As we say in the wood working business, "putty is you buddy"


----------



## lownote (Jan 3, 2008)

I like bondo--it's heavy and gloppy, so you can't do really fine stuff with it, but it sands beautifully and it's really durable. You can shape it nicely. You want to use it with plenty of ventilation. It sets really quickly--you have maybe ten minutes to work with it before it starts to cure.


----------



## Michael Glavin (Jan 2, 2009)

Looking very good! 

Do you have any long term experience with using epoxy and Bondo with the atypical plastics we inevitably must work with? I’ve used these products extensively in the past working with other modeling interests. I kind of assumed the epoxy and Bondo might not bond or adhere as well to these plastics as other materials-adhesives, my concern is over the long haul as exposure to heat and elements might eventually be an issue. 

Regards, 
Michael


----------



## rangerjoel (Jan 4, 2008)

Hey Lownote, 
I was very excited to see the start of the builder’s log. I am looking forward to following your progress and will cheer you on. Keep up the good work. On the subject of bondo, it is wonderful stuff. I have only recently started working with it. I jokingly refer to the use of bondo as a rite of passage. It’s one of those moments that make you say “today I am a man”! Similar to buying your first machine tool etc. 
Good luck and by the way… bondo seems to stick to EVERYTHING!!!!


----------



## lownote (Jan 3, 2008)

Thanks! I'm really a hack at this stuff.
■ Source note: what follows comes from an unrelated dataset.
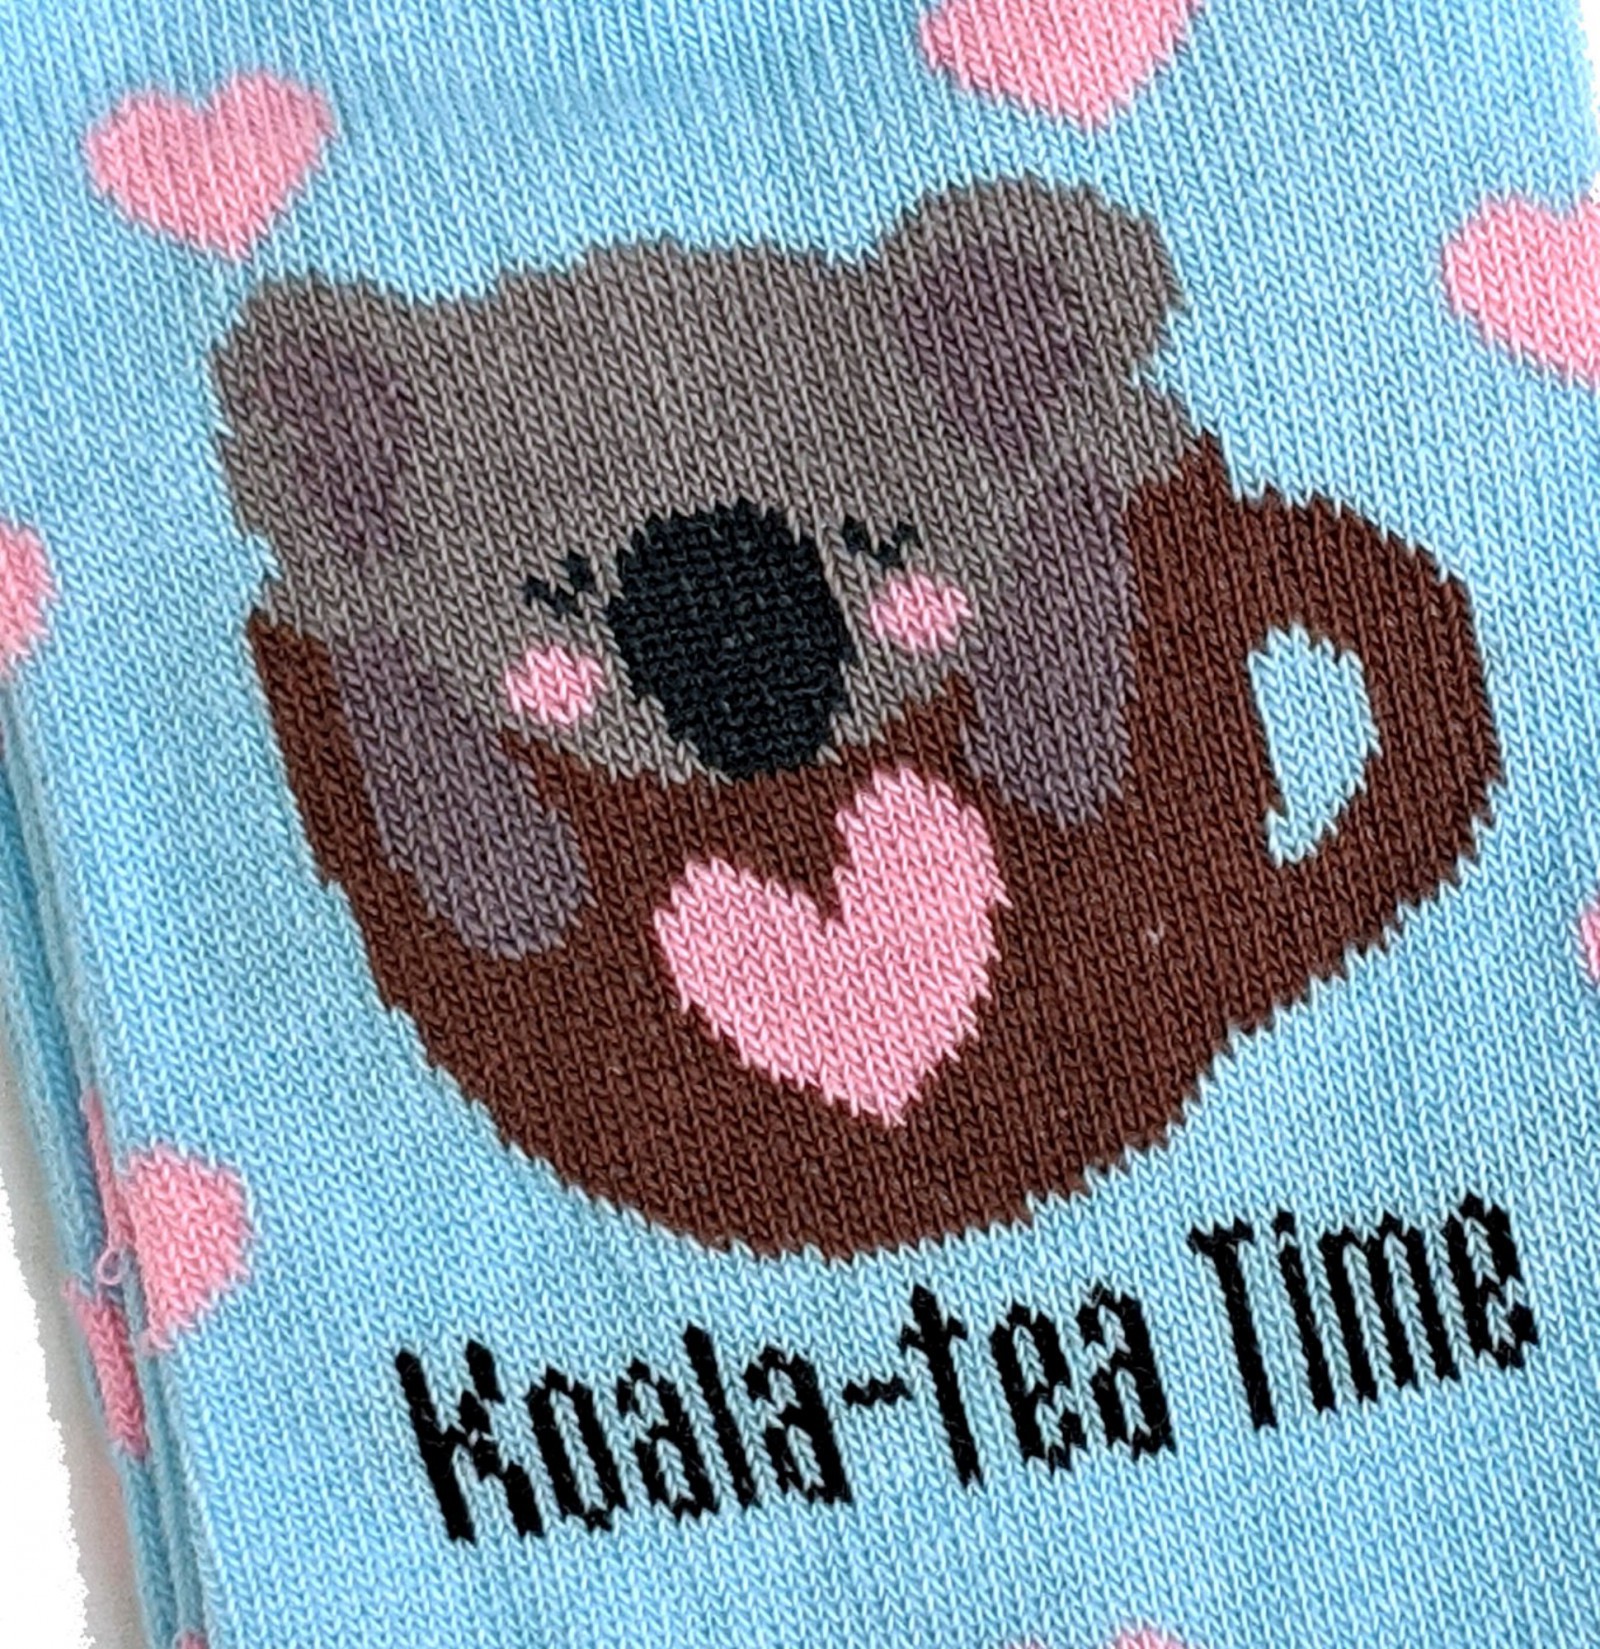 Damen Koala-Bär Koala-Tea Quality Time Socken 37-42

But it's fun. 

I hope to get some time to work on it tomorrow afternoon


----------



## lownote (Jan 3, 2008)

Finally managed to do a bit of work on it, mostly just fine tuning the fit

Here it is with a hasty coat of primer and missing the pilot and trailing trucks. I just put the parts in roughly the right place--it's not screwed together 











It looks too long in the back, but the trailing truck might fix that. Steam dome is from a Big Hauler. It still looks too much like an aristo Pacific.


It's going to end up with a tender from a lionel atlantic, which is close enough to prototypical for a B+O atlantic


----------



## lownote (Jan 3, 2008)

Well now it's starting to look like something:


----------



## lownote (Jan 3, 2008)

Little bit of detailing on the backhead, needs weathering


----------



## aceinspp (Jan 2, 2008)

Where did you get the detail parts for the back head? Where did you make the cut on the boiler and how did you reattach the two half's? Later RJD


----------



## lownote (Jan 3, 2008)

The silver parts are from Ozark, the brass from Trackside details, and the gauges are pictures of gauges printed out on sticker paper and glued in place. The valve handles are just snap fasteners from the fabric store. 
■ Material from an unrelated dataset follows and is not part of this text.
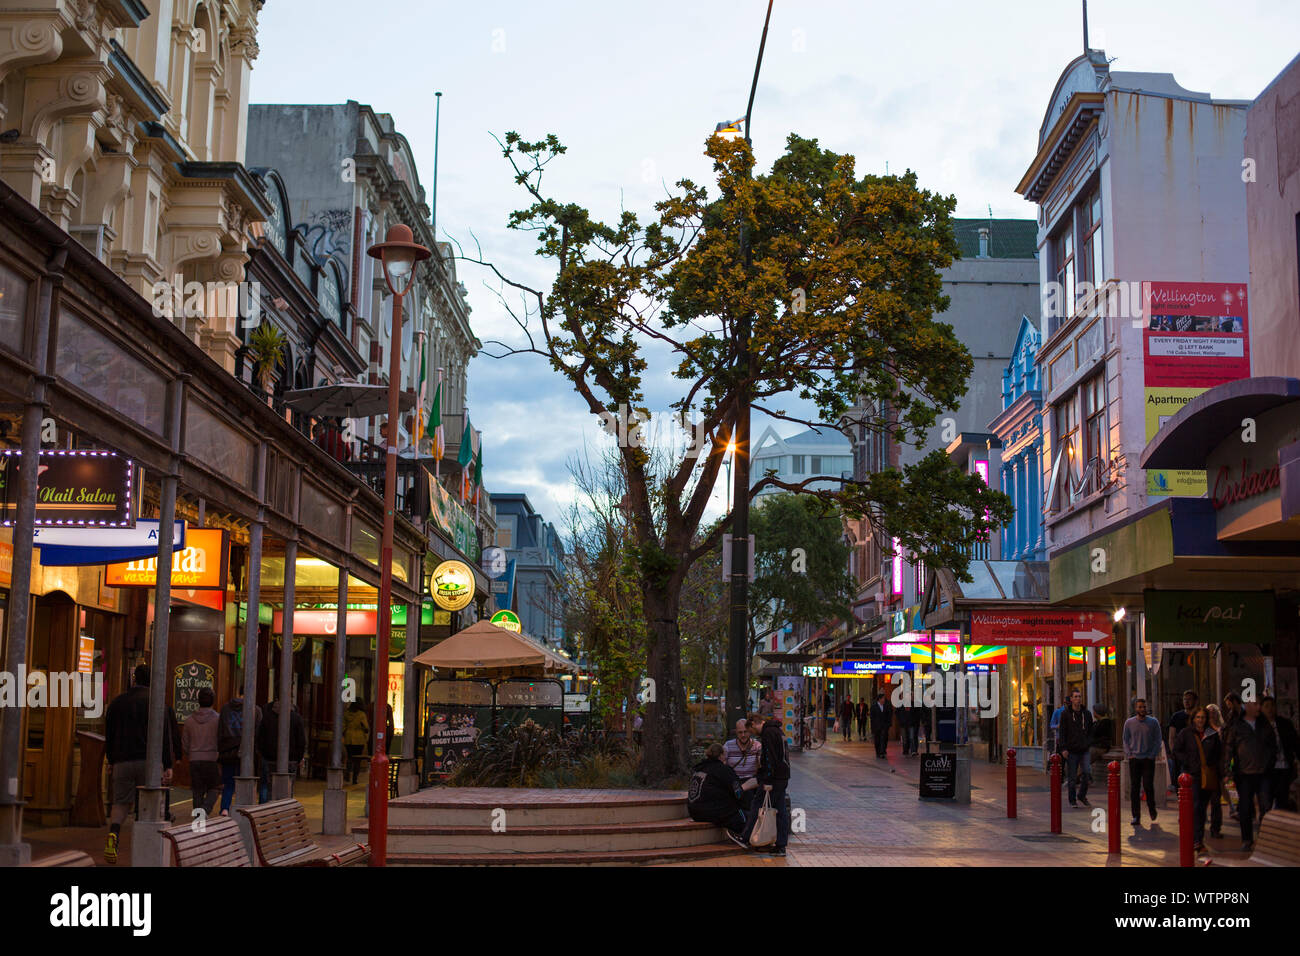 El centro de la calle Cuba, Wellington, Nueva Zelanda. Foto de stock

I cut the frame just behind the front mounting point for the motor block. The boiler I cut behind the steam dome. Just under a three inch piece from each. Both are reattached with super glue and devcon "plastic welder." So far so good


----------



## Paulus (May 31, 2008)

Beautiful work! Keep us posted!


----------



## Michael Glavin (Jan 2, 2009)

Your Atlantic is looking realllllly good, your doing a great job! I like the over all beefy look you created too... And the Atlantics detailed bulkhead provides some new ideas for my Atlantic project. 

Thanks for sharing, 
Michael


----------



## aceinspp (Jan 2, 2008)

I was hoping when I saw this builder log it would be more extensive. Was hoping for a lot more pics and step by step build. Most that have been posted here have done well with the construction and technique. How about pics. Later RJD


----------



## East Broad Top (Dec 29, 2007)

Looking good! 

Later, 

K


----------



## lownote (Jan 3, 2008)

RJ the builder's log is here, at this link:



http://www.mylargescale.com/Features/BuildersLogs/tabid/66/Default.aspx


----------



## xo18thfa (Jan 2, 2008)

That's coming along nice.


----------



## markoles (Jan 2, 2008)

Looks good, Mike!

Was the USAT coupler on the Pacific before you started?


----------



## lownote (Jan 3, 2008)

Back from a week long family reunion at the jersey shore. Cheesteaks and hoagies galore.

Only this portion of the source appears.